Henry's core assumption concept is, I think, that 

    aberrations are the cause of limited range, not

    plain defocusing.  That becomes clearer each time..

 

As such, using aberrations as the one or main determinant of 

   in-focus range is outside the topic of this thread.  

That's why I have honed in on the problem.  It has

  propagated for many years.

 

I might try an aperture at the eye, but perhaps in its own thread.

 Focusing in on the tests and factors, as it were, helps clarify things.

 

-----------------

Ah.....just put a little trial in this thread..

---I put a 35mm EP into my 800x400 scope (forest daylight)

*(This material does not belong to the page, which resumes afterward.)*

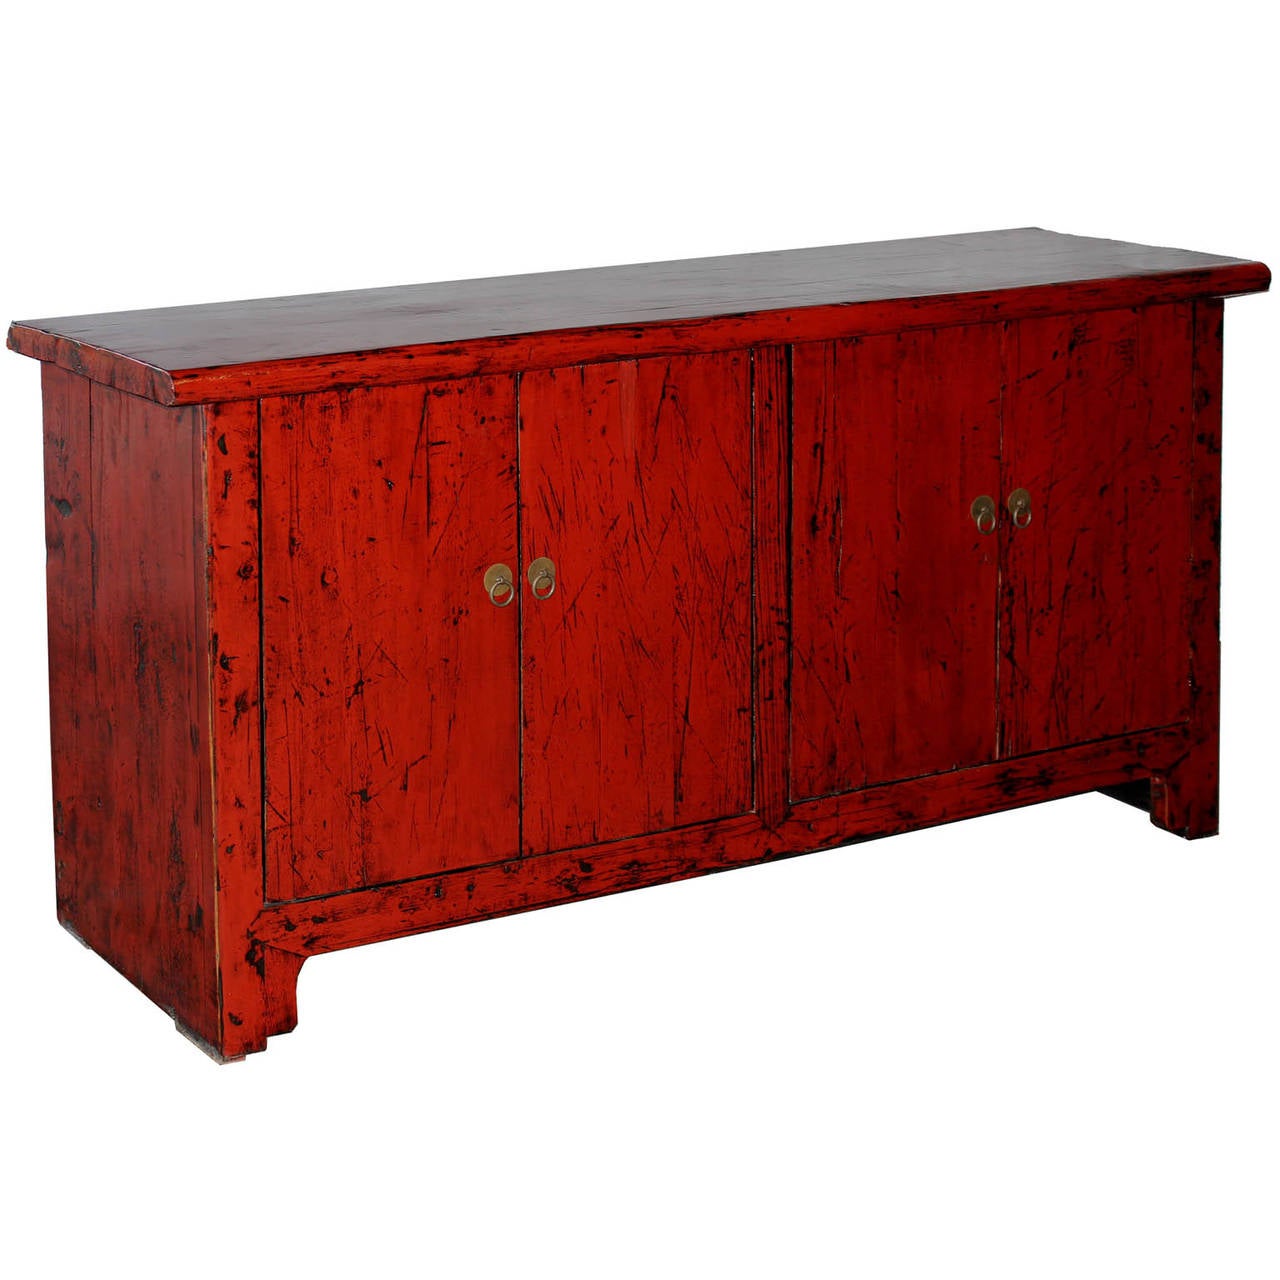 Four-door red lacquer elm buffet with over-hanging top from Shanxi, China. New interior shelf and hardware, circa 1890.
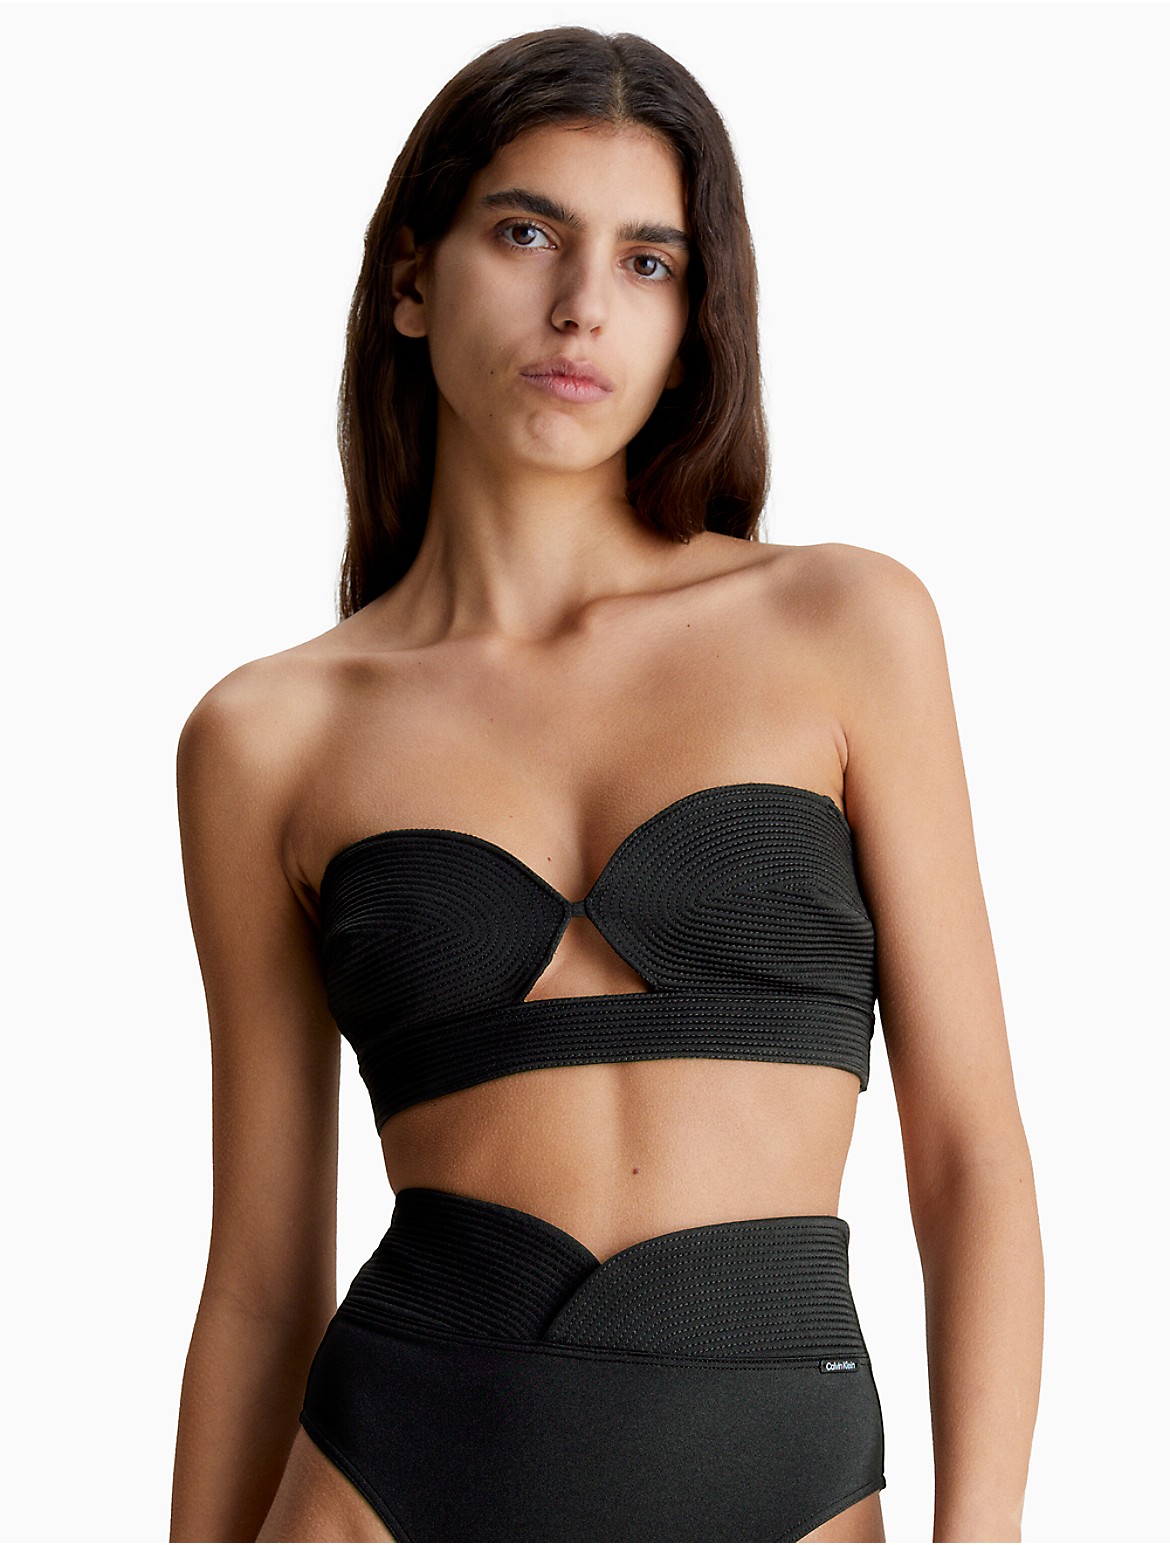 Eco Intimates - Stella Long Line bralette with Lace - Clean + Conscious

---then focused at 200 yards

---then swung to the tree trunk at 65 feet

    --- it was pretty blurry

----I found a spacer that was about the eye relief length,

           and put foil with a 1.5mm hole over that

    ----it did improve image

    ---but my eye was 2 ERs away.

         ...I put my eye right next to the foil...very close.

            ..more like the real iris.   Things went pretty fuzzy again.

       If the foil were where my actual pupil was....meh, I can't see

      how the focus would be better. Far back, sure, but tiny afov.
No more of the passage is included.